Many will be surprised by the recent findings in Ameriprise Financial's Retirement Check-In survey. It appears Americans are wearing rose-colored glasses when thinking about their retirement, envisioning golden years that their finances won't be able to provide.
The financial planning firm, with the help of researchers, conducted phone interviews with 1,000 men and women ages 50-70 who were employed, had plans to retire and had investable assets of $100,000 or more. A vast majority of those surveyed -- 78 percent -- said they expected to be "extremely happy in retirement," with 83 percent saying they felt "emotionally ready to retire." Yet "many Americans really are unaware of how much it’s going to cost them to retire," said Suzanna de Baca, Ameriprise Financial's vice president of wealth strategies. "They're not really clear on costs in certain areas."
One of those areas is health care. While more than half (53 percent) of those surveyed said health was their biggest fear (compared to finances, which only 35 percent said was their top concern), 56 percent hadn't done any research into what Medicare covers. Married couples who are less likely to have enough savings to cover medical costs than average are projected to need $365,000 to $454,000 to pay for Medigap, Medicare Part B and D premiums, and out-of-pocket drug expenses, according to the Employee Benefits Research Institute.
When it comes to their finances, boomers surveyed on their retirement planning continued to show a gap between their expectations and reality. Participants said they needed around $1 million ($934,000) for a comfortable retirement -- "Whether that's based on fact or is just a number in their heads is unclear," de Baca said. But their finances aren't even close to that magic number: they've only saved $696,000 in investable assets -- a $250,000 gap between what they say they need and what they actually have. Adding to the expectation gap? Twenty-two percent said they have less than $250,000 squirreled away for their retirement.
"That's a big problem," de Baca said.
What is behind this extreme optimism in the face of, well, facts?
"It’s a different environment now that people haven’t caught up to," de Baca said. "There are very different societal differences now than when a lot of boomers were growing up. Between pensions, social security and personal savings, most people didn’t have to worry about their retirement the same way. Plus they didn’t live as long, so they didn’t have to fund it for as many years.

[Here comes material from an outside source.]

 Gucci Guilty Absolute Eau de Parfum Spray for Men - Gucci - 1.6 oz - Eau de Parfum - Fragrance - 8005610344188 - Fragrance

"Even boomers who are familiar with financial concepts may simply not know the reality of how [long] they’re going to live," de Baca continued. "We have all been aware that people are not prepared for retirement, and that there's a savings gap, but when we see how many other steps people are not taking to prepare for retirement, then it really does start to become fairly alarming."
De Baca offered a few things that people can do to take control of their retirement:
- Have a written financial plan. Know how you're going to cover your finances and expenses in retirement (47 percent said they planned on using their home equity to fund their retirement, even as the country climbs out of record housing value lows). Actually address that savings gap. Whatever the number you determine with your advisor, start stocking money with some discipline so you will have enough.

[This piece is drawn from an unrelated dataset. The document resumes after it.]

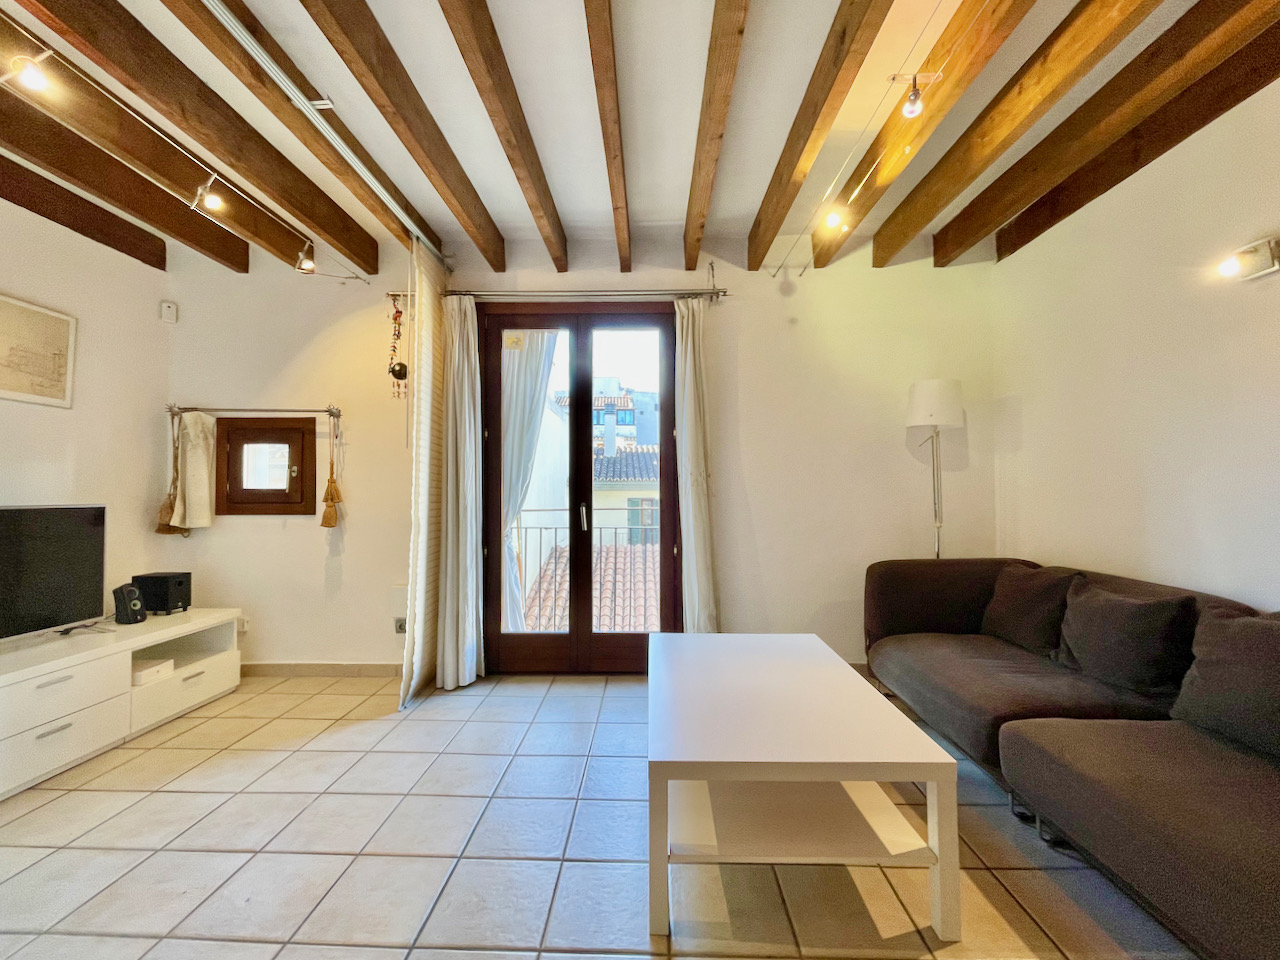 Fantastisch appartement met twee slaapkamers in Sa Gerreria, het oude centrum van Palma.

- Have emergency cash on hand. "Conventional planning in the finance world was that you should have three months of emergency cash on hand," de Baca said. "But with the market changes a lot of people are recommending six months."
- Factor inflation into your retirement planning. Not taking inflation into consideration into your retirement can place you thousands of dollars short of what you really need to retire, and affect your purchasing power.
- Manage your retirement portfolio Take a good, hard look at your portfolio and calculate how much annual income your assets will produce in retirement, de Baca advised.